Transaction.upsert builds its scan row_filter from join_cols
alone via create_match_filter. When the partition spec sources from
columns NOT in join_cols — a common pattern for append-only event
logs partitioned by time but keyed by composite IDs — two amplifying
problems fall out at scan plan time:

The result is a full-table scan at every upsert. For tables with 10k+
partitions this is multi-minute / multi-gigabyte work per call.

What this PR does

Two complementary optimisations to Transaction.upsert:

  1. Partition-range augmentation. New helper
    upsert_util.augment_filter_with_partition_ranges derives
    [min, max] predicates from df for every partition source column
    present in the frame and ANDs them into the row filter.
    inclusive_projection then projects each range through its
    partition transform (hours, days, months, years, identity,
    truncate) at scan-plan time, enabling manifest- and file-level
    pruning.

  2. Column-projection for the insert-only path. When
    when_matched_update_all=False the consumer loop only reads
    join_cols off each destination batch (to build the per-batch
    source-side match filter). Passing selected_fields=tuple(join_cols)
    to DataScan lets the parquet reader prune wide non-key columns.
    The existing _projected_field_ids.union(extract_field_ids(...))
    keeps the partition-range predicate's columns readable.

Correctness guards

The augmentation skips per-column in three cases:

  • The partition source column isn't present in df (no bound to derive).
  • The column is entirely null in df (no min/max).
  • The column has any null in df — a non-null GreaterThanOrEqual
    predicate would exclude NULL-partition destination rows whose
    (join_cols) may collide with null-partition source rows. Skip
    pruning over emitting an unsafe predicate.

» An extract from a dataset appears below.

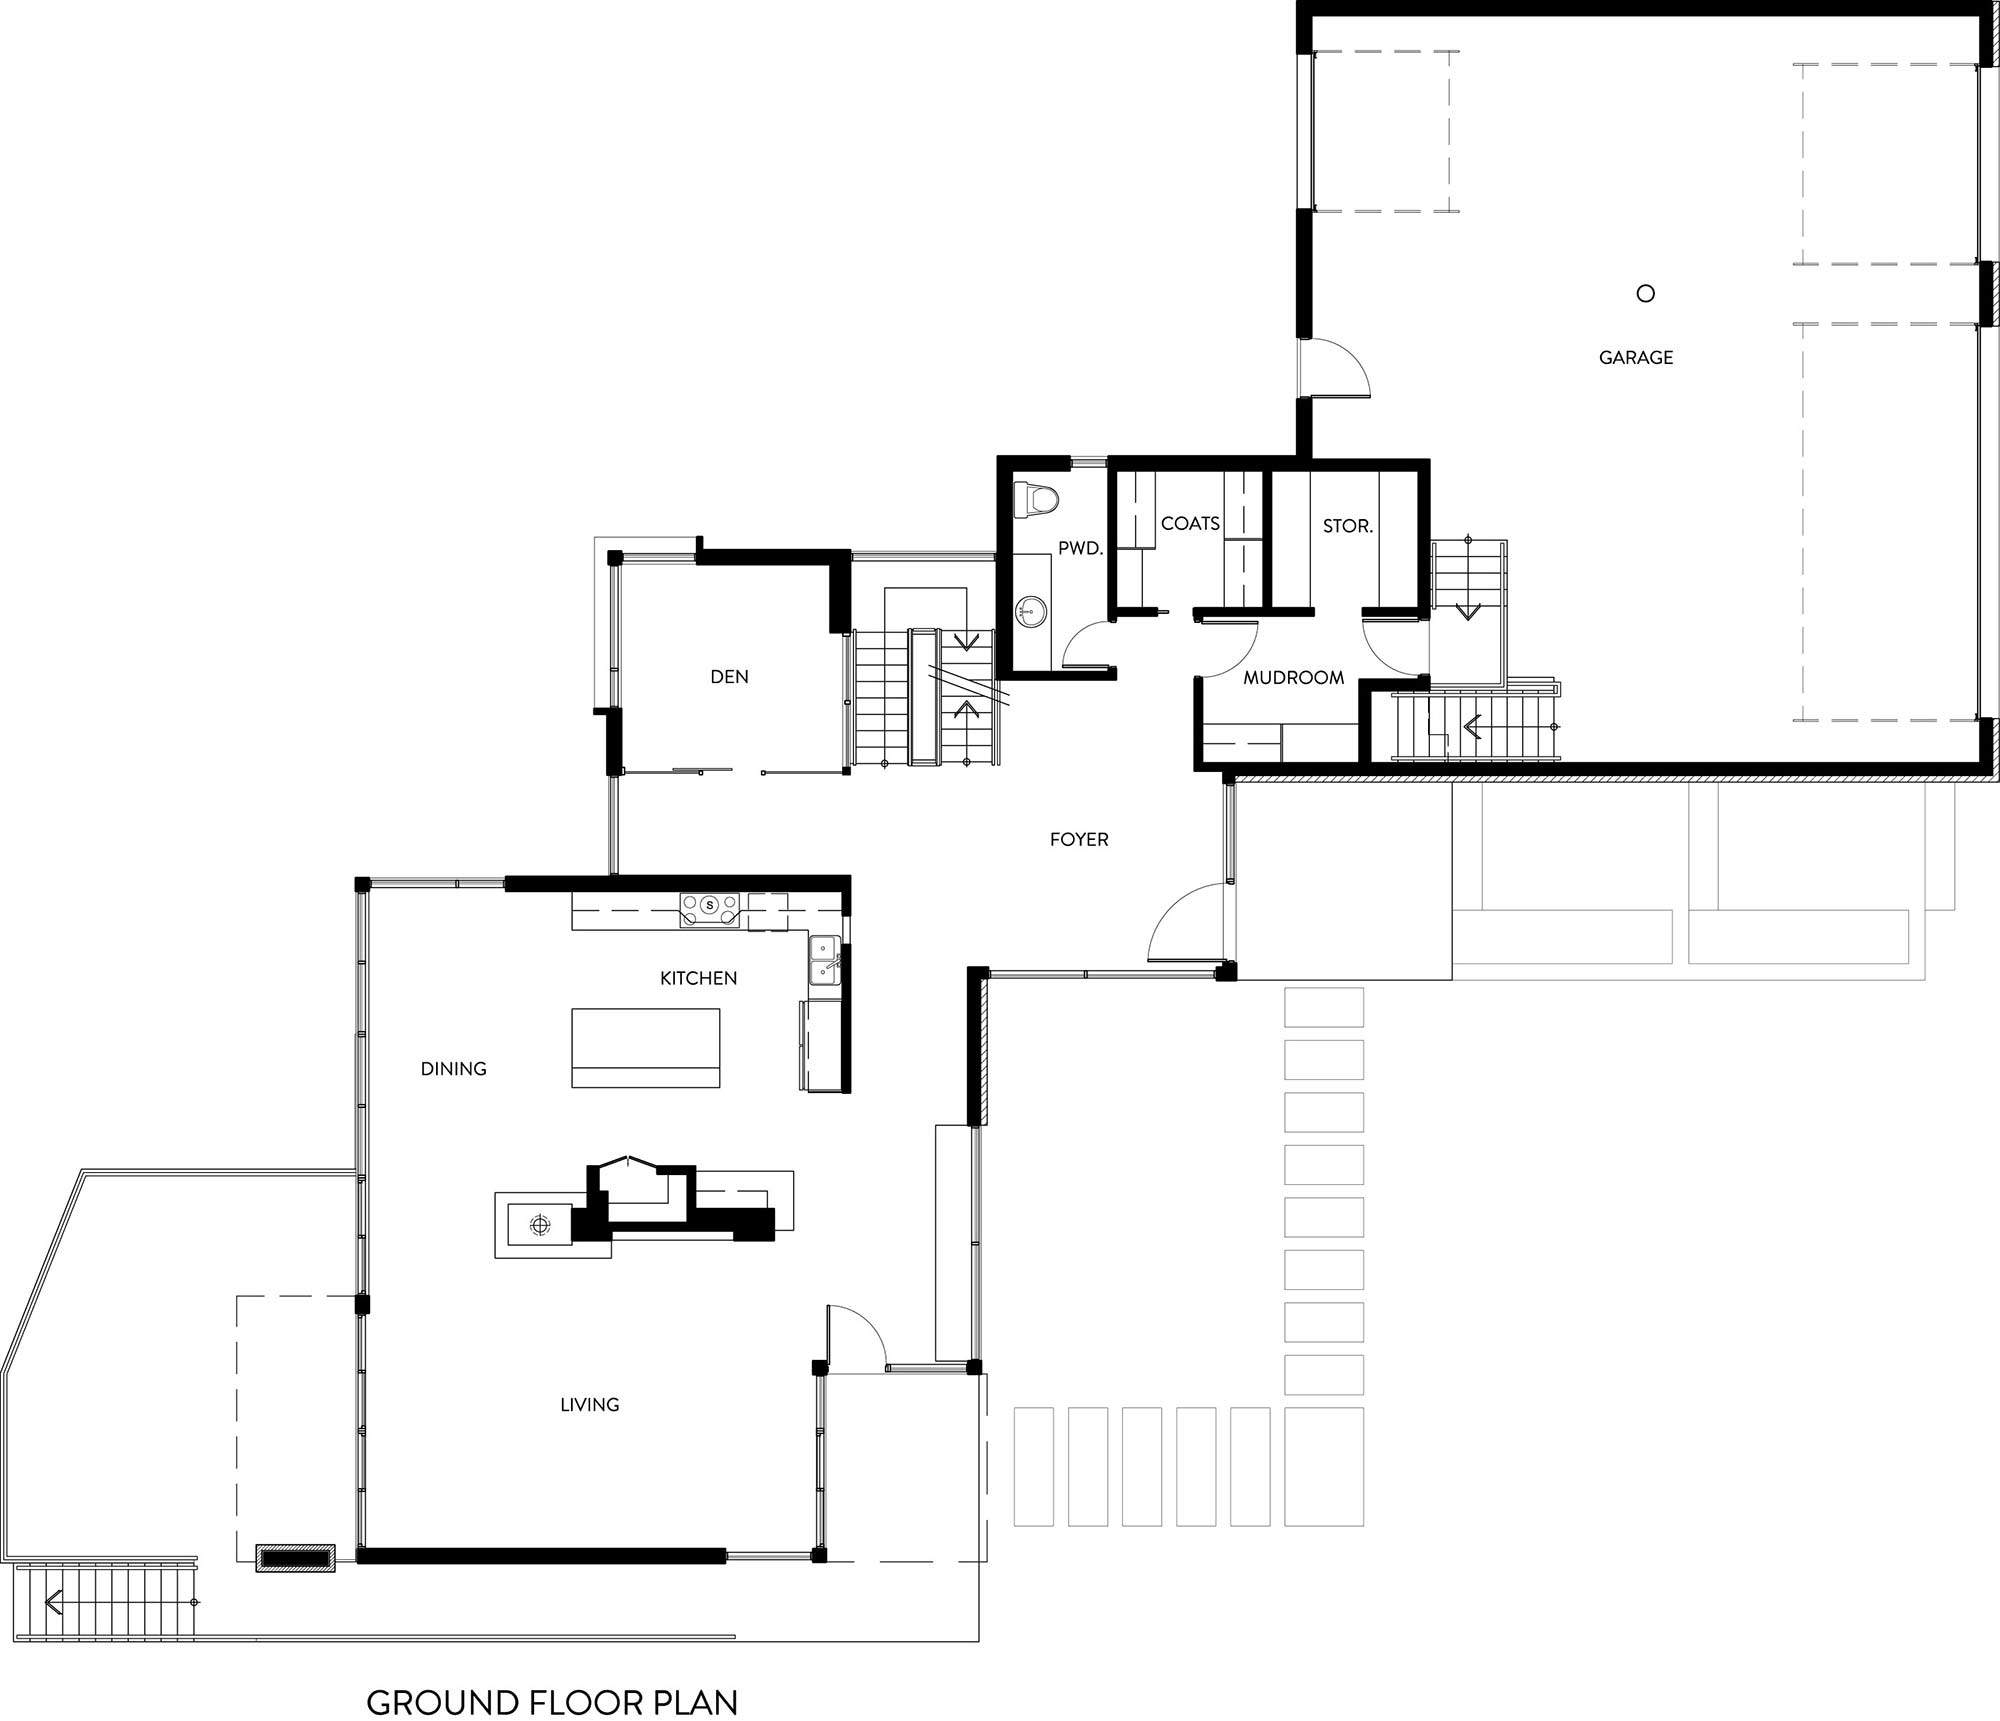 Ground Floor Plan, Riverside Home in Ottawa, Canada

When min == max, an EqualTo is emitted instead of the range pair.
Multiple partition fields sourcing from the same column emit one
source-column range; inclusive_projection projects through each
partition field independently at scan time. Bucket and other
non-monotonic transforms return None from their project method on
inequalities — the projection contributes AlwaysTrue for them, no
harm.

Are these changes tested?

Yes:

  • 13 new unit tests in tests/table/test_upsert.py:
    • Pure-function tests for augment_filter_with_partition_ranges
      (unpartitioned, missing column, all-null, partial-null,
      single-value, range, multi-field-sharing-source).
    • End-to-end upsert semantics with partition spec NOT in
      join_cols, IN join_cols, and unpartitioned.
    • DataScan.plan_files() count assertion against a deterministically
      seeded table that defeats per-file metrics pruning — confirms the
      augmentation prunes vs the original predicate.
    • selected_fields projection assertions for both
      when_matched_update_all=True (legacy ('*',)) and =False
      (narrow join_cols-only).
    • End-to-end upsert with when_matched_update_all=True against a
      wide table to confirm column projection doesn't break the update
      path.
  • 23 existing upsert tests still pass.

Smoke test — real Iceberg-on-S3 + Glue table

Run against a real Iceberg table representative of the workload this
optimisation targets.

Stack

  • pyiceberg.catalog.glue.GlueCatalog
  • AWS S3 warehouse, parquet data files
  • Iceberg format v2

Target table

  • Write mode: append-only event log
  • unique_keys: [conversation_id, id] (composite UUID/string key)
  • partition_spec: hours(created_at)
  • Size at the test snapshot: ~10,450 data files, ~3.2 GiB total
  • Hourly partitions over ~15 months of history
  • Avg file size: ~0.32 MiB (post hourly OPTIMIZE compaction)
  • Schema (6 columns):
    • conversation_id (string, UUID v4) — key
    • id (string, UUID v4) — key
    • event (string, short tag, ~10 B/row)
    • log (string, JSON payload, ~400 B/row median)
    • created_at (timestamp[us, UTC]) — partition source
    • version (int32)

Source synthesis (two modes for the comparison):

  • synthetic: random UUIDs; conversation_id drawn from a pool sized
    rows/30 so leading-key cardinality matches realistic parent-child
    distribution; created_at uniformly in [now − hours, now]. Keys
    don't overlap destination → metrics evaluator rejects every file at
    scan-plan time, so both projections return 0 files. Isolates the
    planning cost.
  • from-destination: reads N recent rows from the destination via a
    created_at range scan, used as the source. Keys DO overlap →
    exercises the file-count reduction and column-read effect.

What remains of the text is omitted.